Car insurance query

Winseer:
You’ve never read The Straw Man have you?
(1) Rarely is the person completing payments on a car then going to hand it over to someone else to keep.
(2) You are keeping the car paid for as an income-producing asset of DVLA. You’ll be paying them so much each year just to take it out of your driveway. Only keeping it “as registered keeper” on that same driveway permits you to not bother providing DVLA with an income - that, and getting shot of it of course!

I only pay DVLA because the law says I must, not having a driveway. :unamused:

Really “owning” something means you can destroy it, sell it, or use it in public without asking anyone’s permission, or paying any third party any kind of tax or commission. This clearly isn’t the case with being a mere “registered keeper”.

If you have nothing to take, you cannot be robbed by the state.

No, but I have a mate who’s right into all that “Straw Man” stuff & last time I saw him he got it up (Your Straw Man) on his phone with (clearly) leading questions to ‘■■■■ you in’.

But the bit your missing about ownership of a car is that you can use it however & where ever you choose, just so long as you own the land your driving it on as officially, you pay road tax (or sorn) only to use the public highway!!!

This same mate of mine goes to weekly meetings of similarly minded conspiracy theorists with different speakers each week, some claim to have been abducted by aliens, others telling everone you dont need to pay tax or parking tickets or insure your car under some aincient common law!!!

Whatever!!

Ross.

bigr250:
others telling everone you dont need to pay tax or parking tickets or insure your car under some aincient common law!!!

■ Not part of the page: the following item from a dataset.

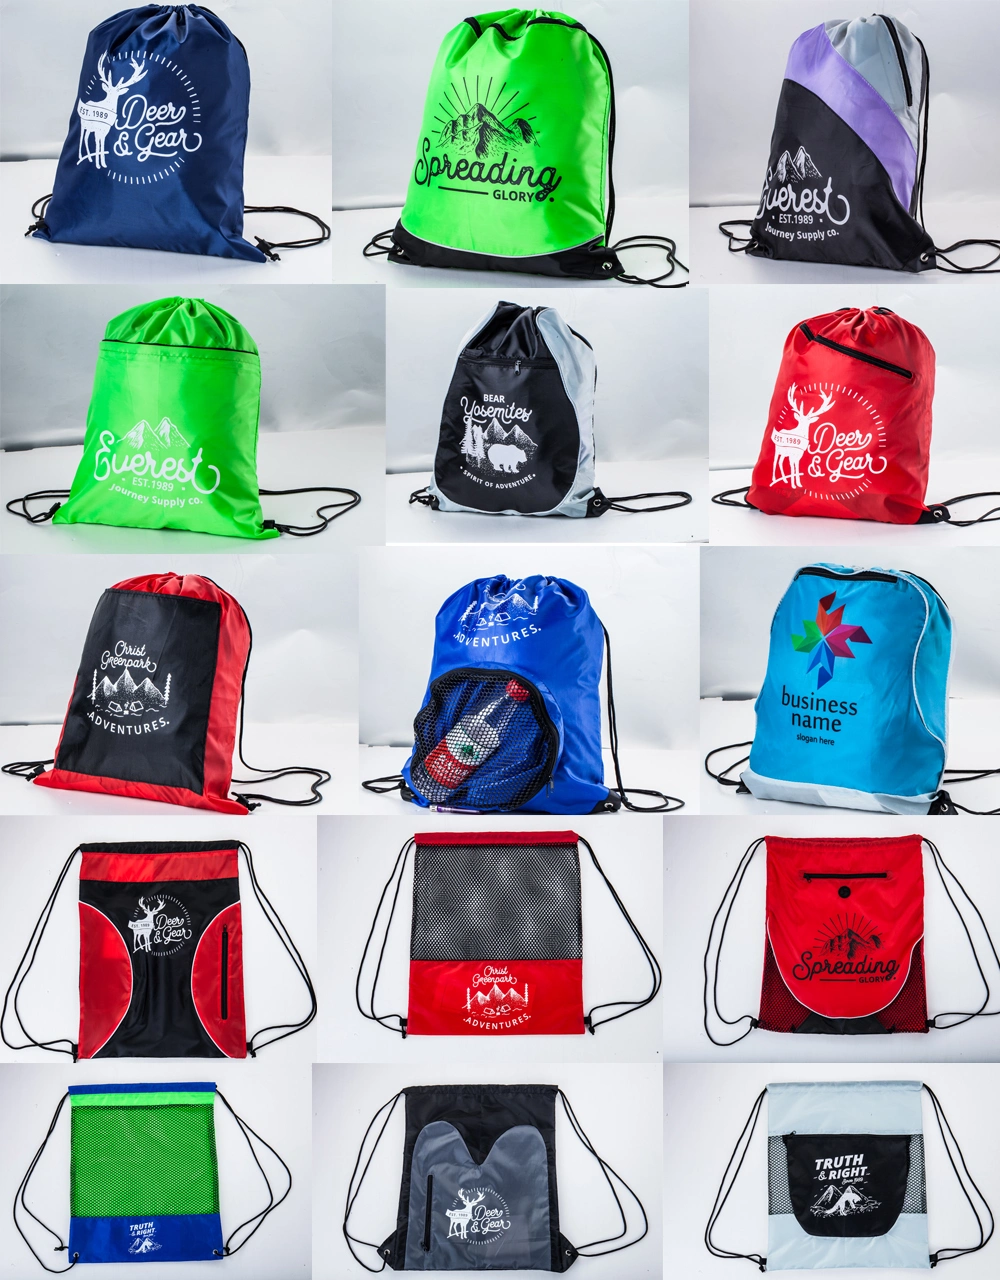 Bicycle Bags, Gym Bag, Drawstring Bag, Polyester Bag, Gift Bag, Drawstring Backpack, Laundry Bags, Promotional Bag, Handbag Dust Bag, Gym Sack

I’m sure it goes without saying, really, but any time Parliament legislates in an area, the resulting statute takes over from the former common law. Accordingly, the requirements to pay Vehicle Excise Duty, have third party insurance on a motor vehicle and pay police / traffic warden / council parking tickets have the weight of the law behind them.

Furthermore, as BBCÂ News reported in April, many much-vaunted ‘ancient laws’ have been thoroughly investigated by the Law Commission and found to be nothing more than urban legends. It is not necessarily legal for a man to pee on the rear wheel of his vehicle, nor for a pregnant woman to pee in a policeman’s helmet.

Purported ancient common law rights cannot usurp the express will of Parliament. Later law takes priority over earlier law without the earlier law having to be expressly repealed (the so-called doctrine of implied repeal). Implied repeal is not possible if the earlier law falls into a small group of laws recognised as constitutional in nature; in these circumstances the later law can only have effect if it expressly repeals the earlier law sufficiently to prevent any conflict. Details of this ‘constitutional law’ exception and the reasoning behind it can be found in the judgment of Laws LJ in Thoburn v Sunderland City Council [2002] EWHC (Admin) 195 (the ‘Metric Martyrs’ case), especially paragraphs 62 and 68-70.

Private parking tickets in England and Wales are another matter entirely. Unless they are on railway land, in which case they might have the weight of the Railway Bylaws behind them (with possible criminal conviction in a magistrates’ court if you don’t pay), they are, in essence, an unenforceable invoice and can safely be ignored. You will get various nastygrams threatening bailiffs, blackened credit histories and similar dire consequences, but they can’t do anything to you without winning a county court judgment. The chance of the parking company taking you to court over the alleged debt is very low - usually they move on to easier targets.

If you do get valid court papers (which means they are properly stamped by a court on the front page or contain valid login details for moneyclaim.gov.uk - some parking companies send out apparent claim forms that have not been through the courts), you cannot ignore the matter any longer. The case is probably still winnable, as the courts have held that in most circumstances, it is, indeed, an unenforceable debt. Arguably the best thing to do in these circumstances is to post at PePiPoo for advice.

The bogey in all this is clause 56 in the Protection of Freedoms Bill. With the end of private clamping in England and Wales in October, the private parking companies have no way of enforcing any parking restrictions. They have successfully lobbied for a clause in this Bill that would allow them to pursue the registered keeper of a vehicle for an alleged private parking debt without having to prove that the conditions attached to these powers have been met and without having to provide a dispute resolution service. If you are as outraged as I am about this, go to the Stop Clause 56 website for more details and a link to an e-petition, also tell your family and friends about this.